Task goal:
Below are records; the lines starting at the one with "Decorative Tile in" and ending at the one with "фон с крыльями картинки платяным шкафом" must be reproduced exactly, both included. Pictures must not appear.
----- Extracted entries
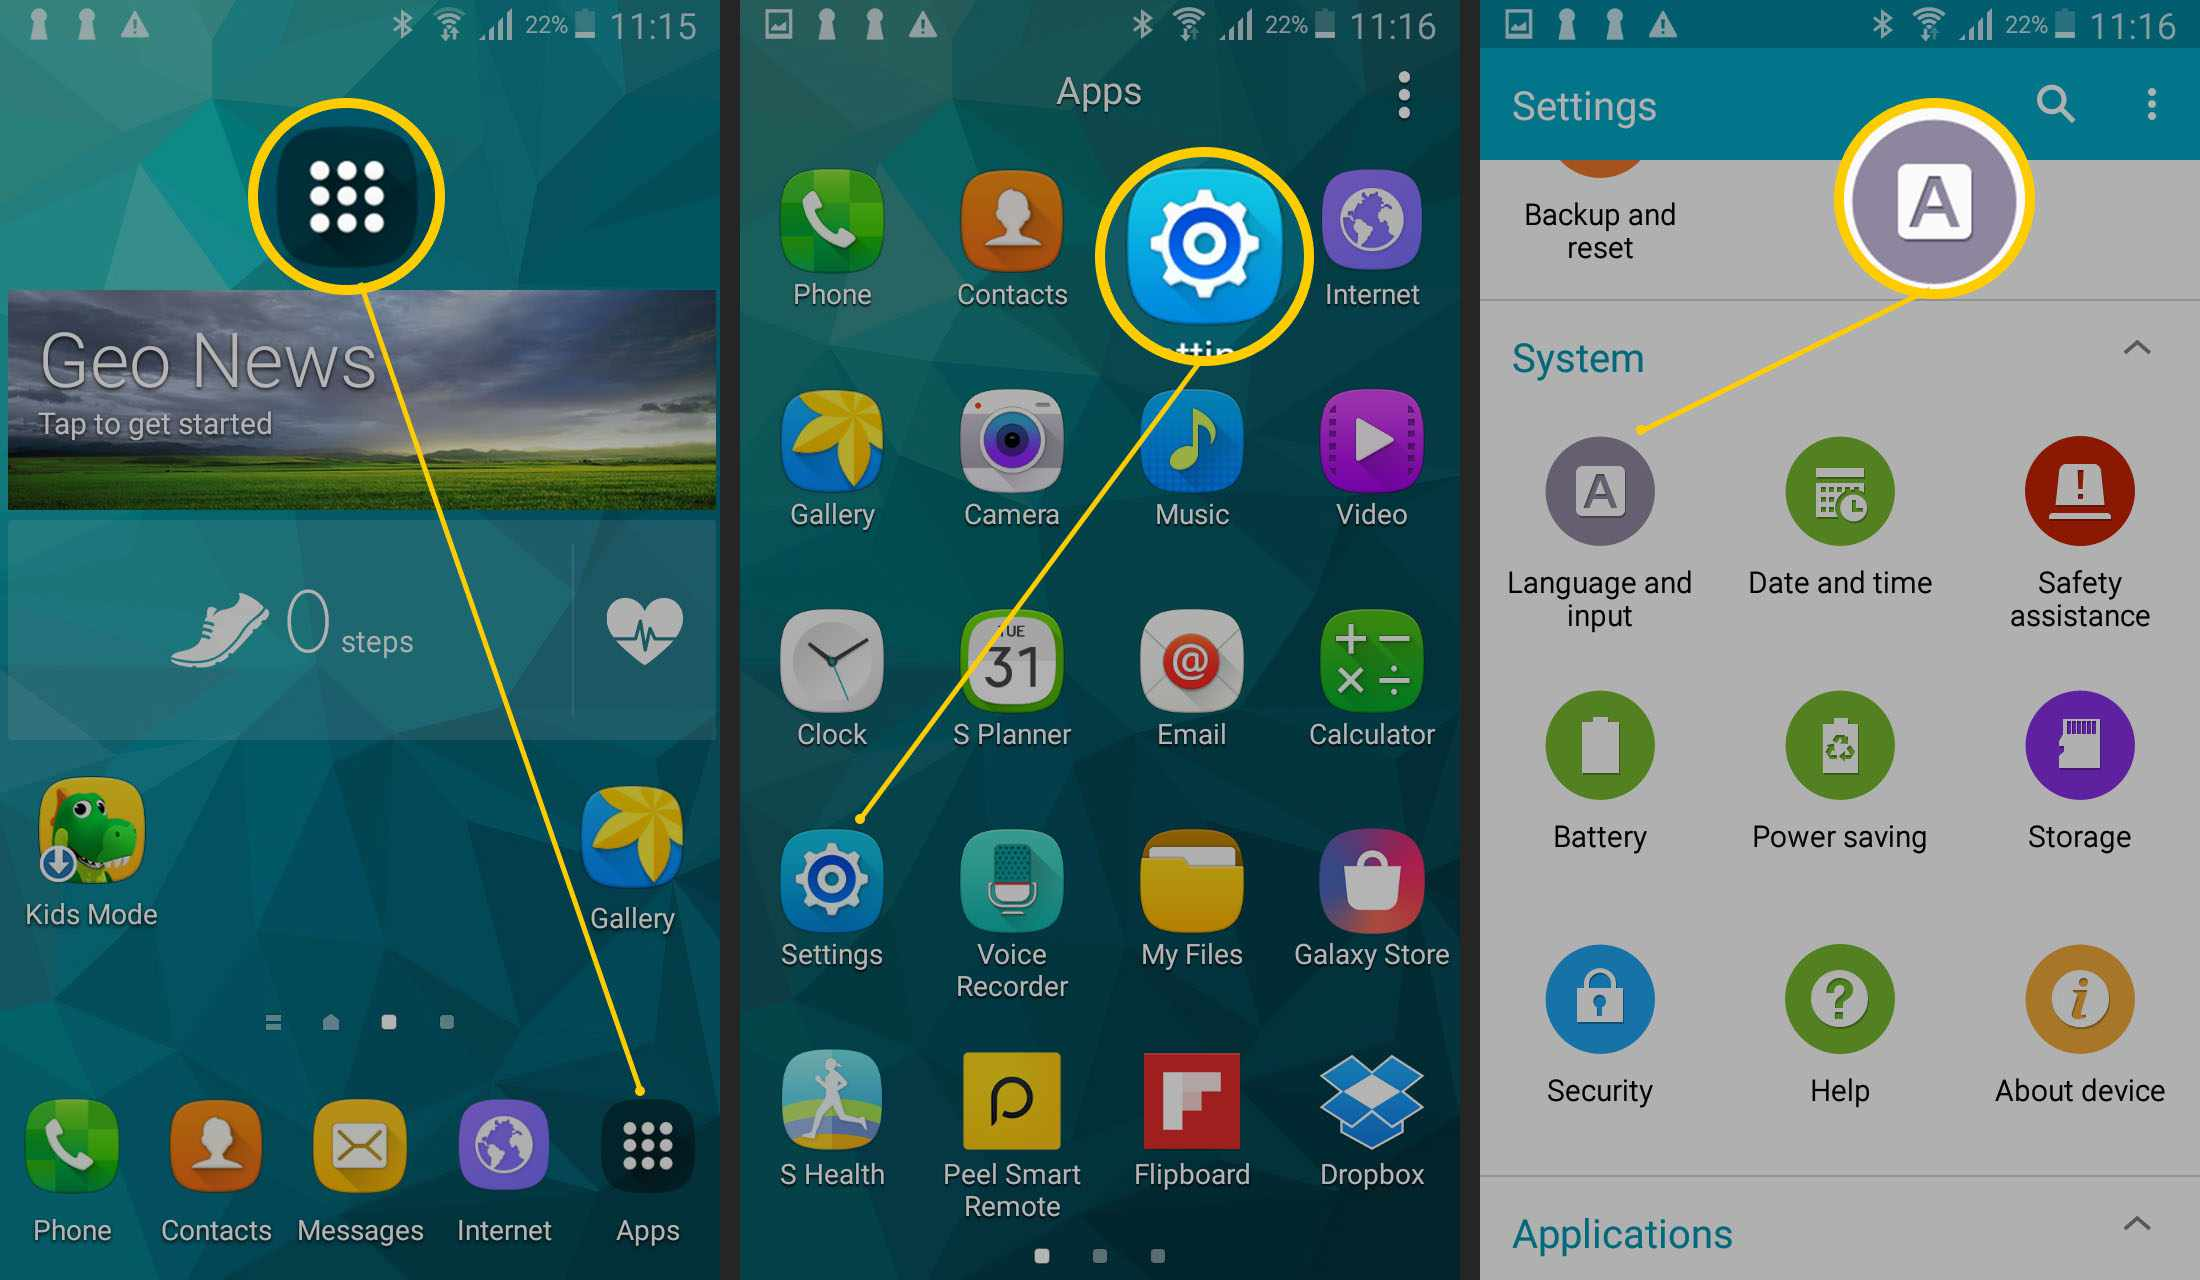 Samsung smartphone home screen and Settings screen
----------
----- Extracted entries
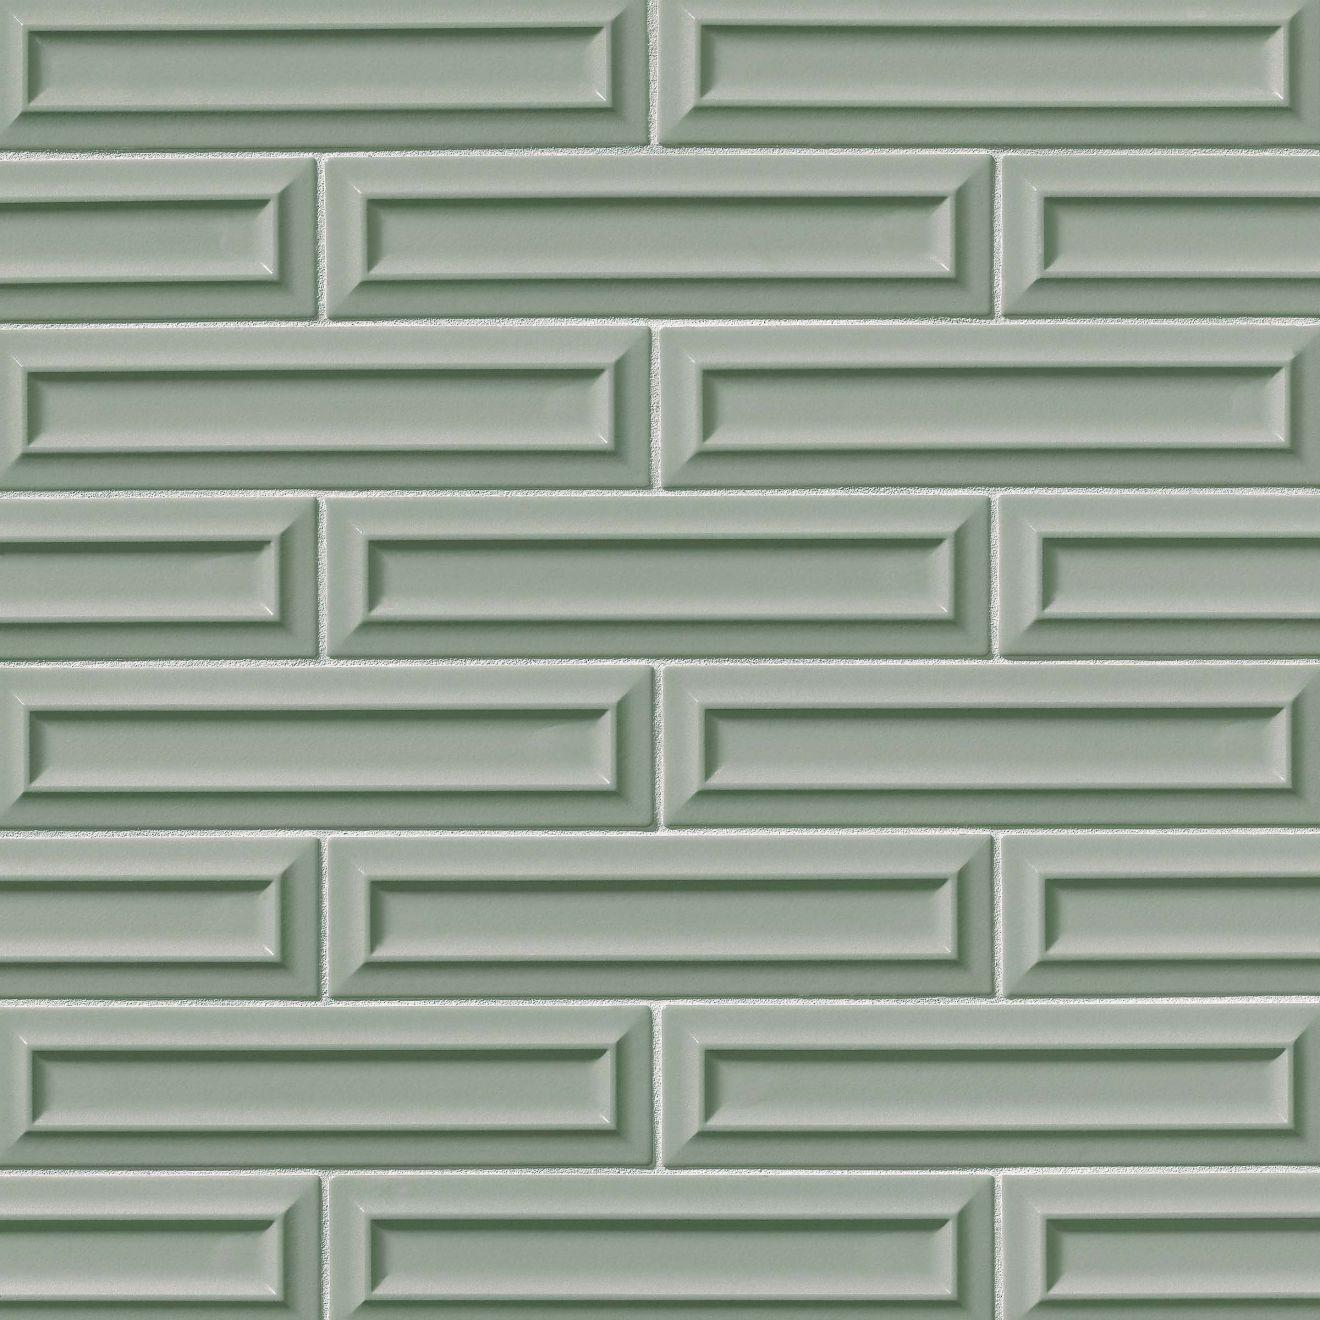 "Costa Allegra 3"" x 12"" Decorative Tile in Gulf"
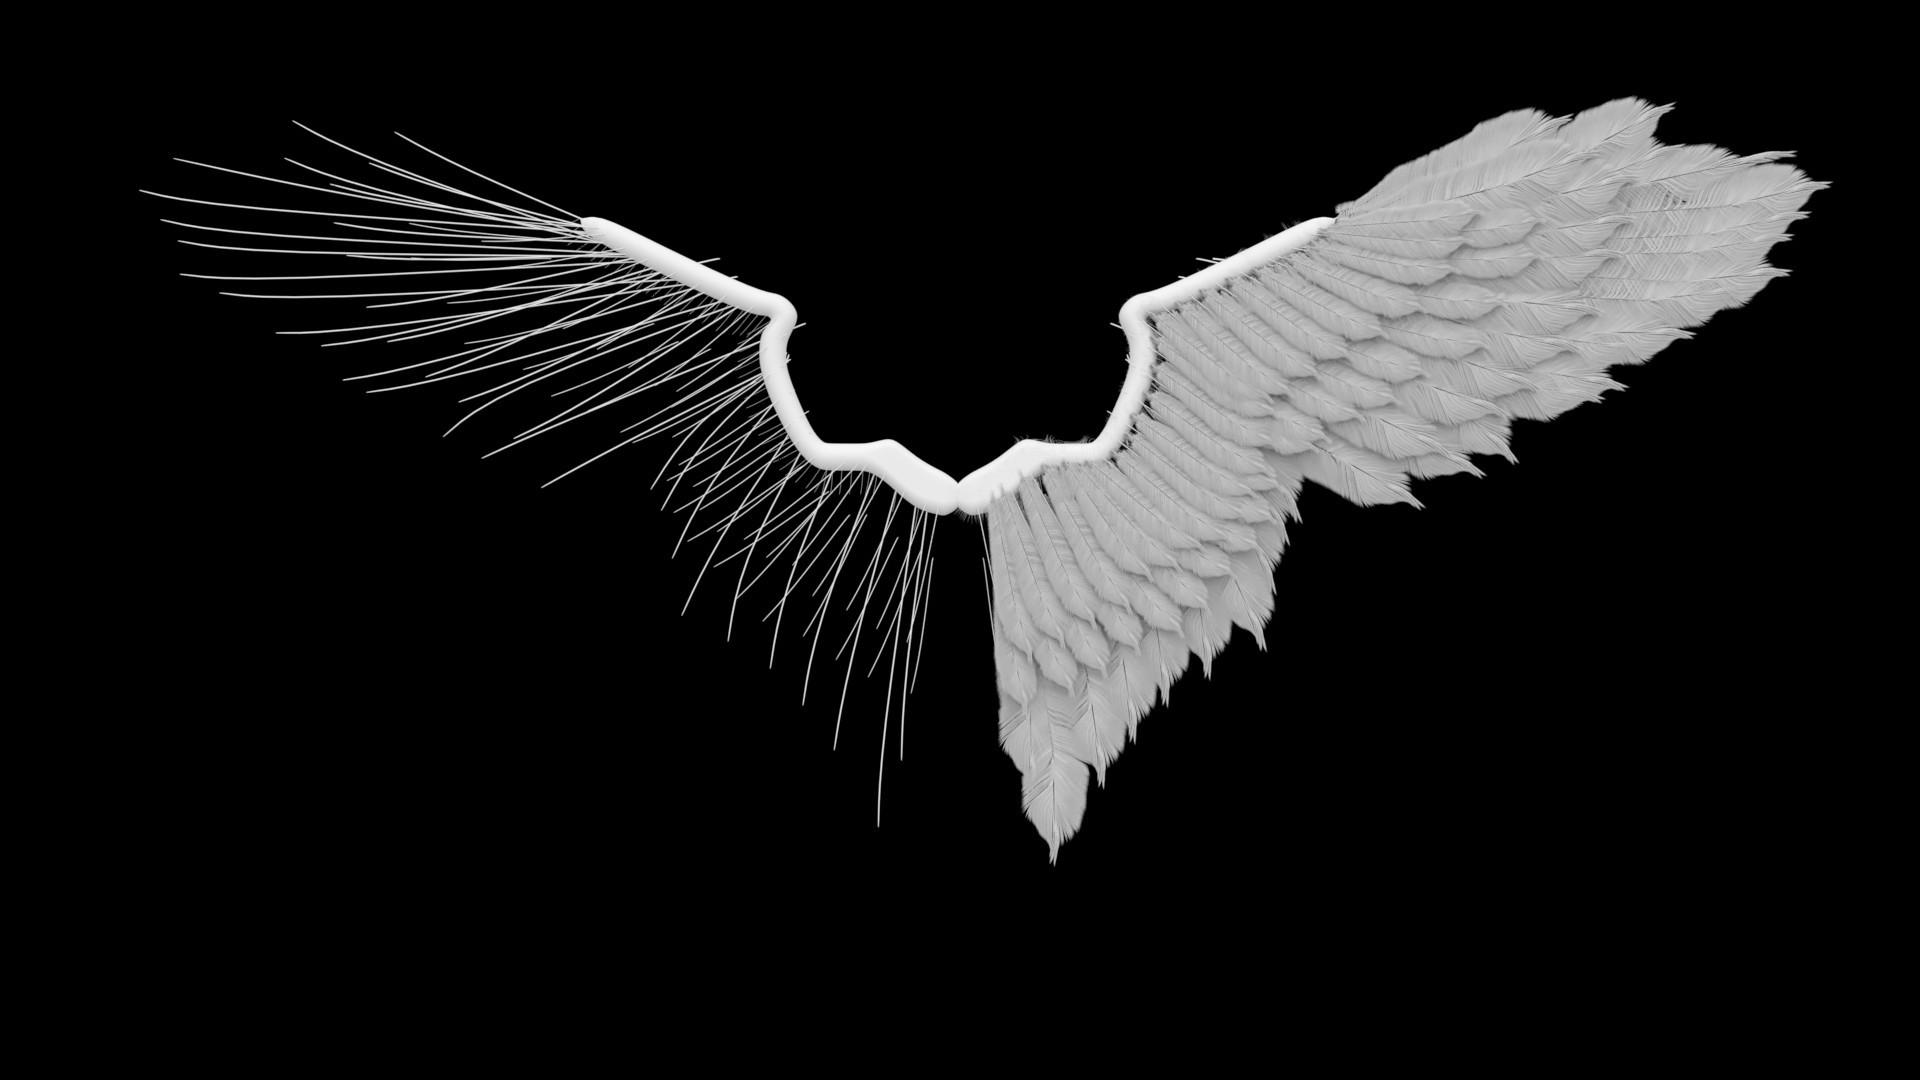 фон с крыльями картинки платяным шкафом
----------
----- Extracted entries
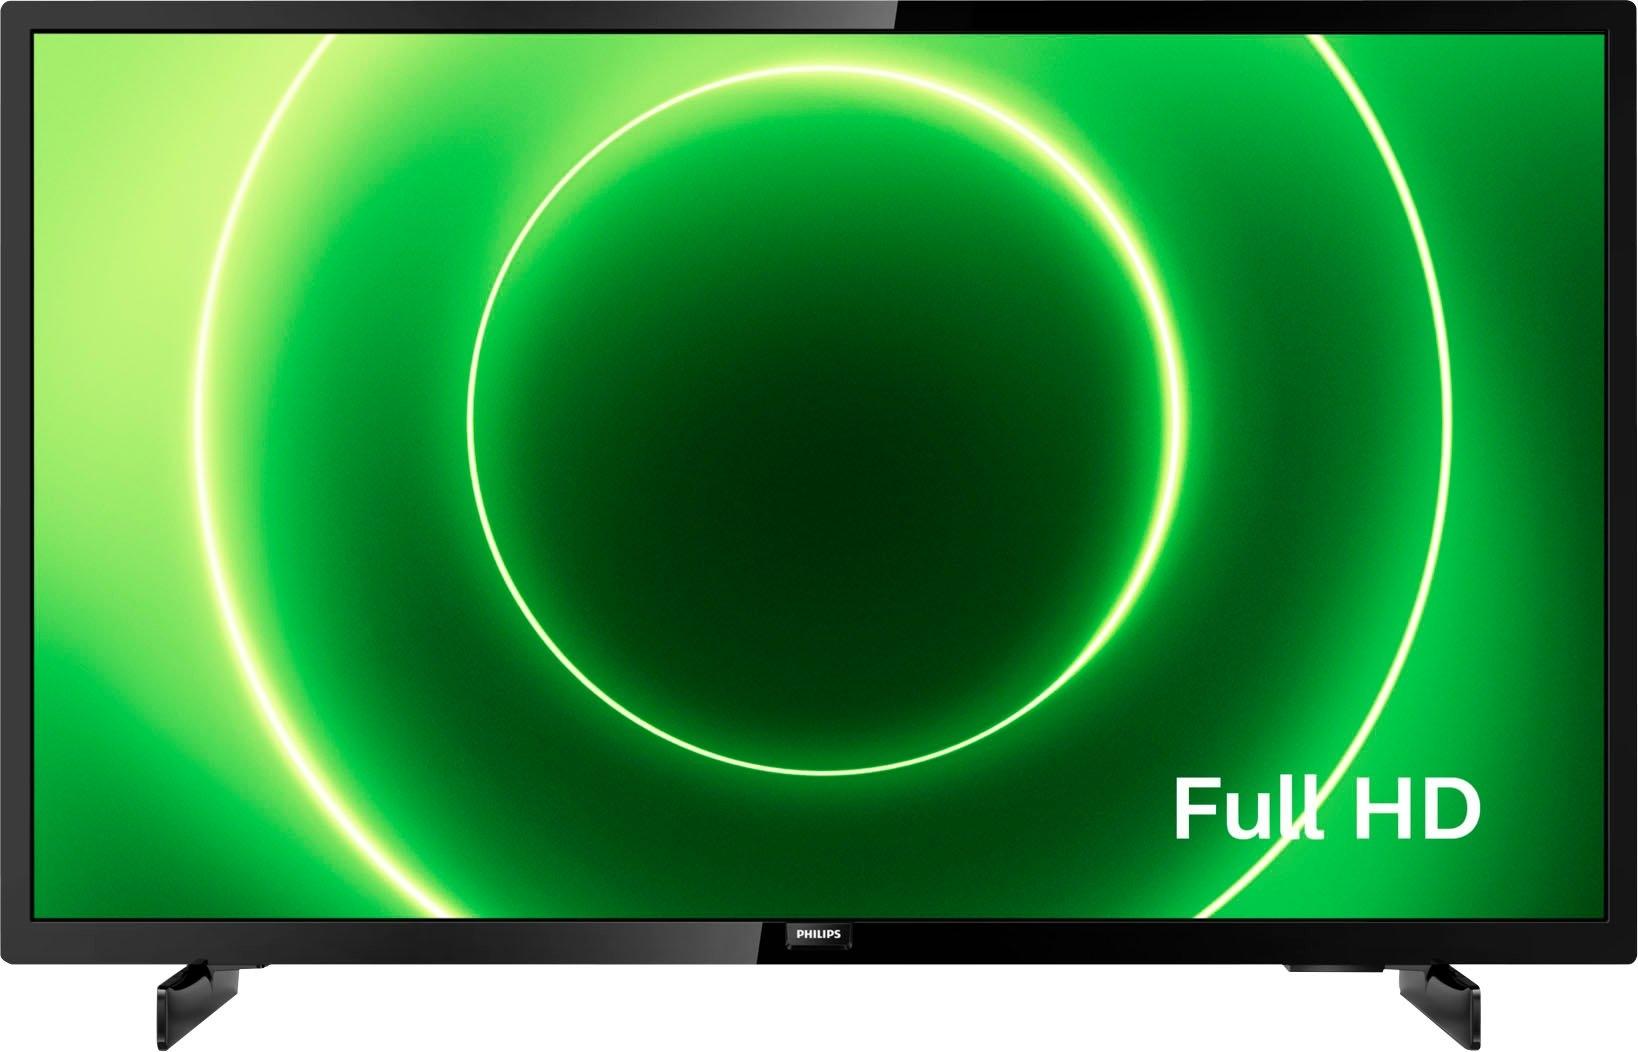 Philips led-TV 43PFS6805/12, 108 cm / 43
----------
Exercise response:
 "Costa Allegra 3"" x 12"" Decorative Tile in Gulf"
 фон с крыльями картинки платяным шкафом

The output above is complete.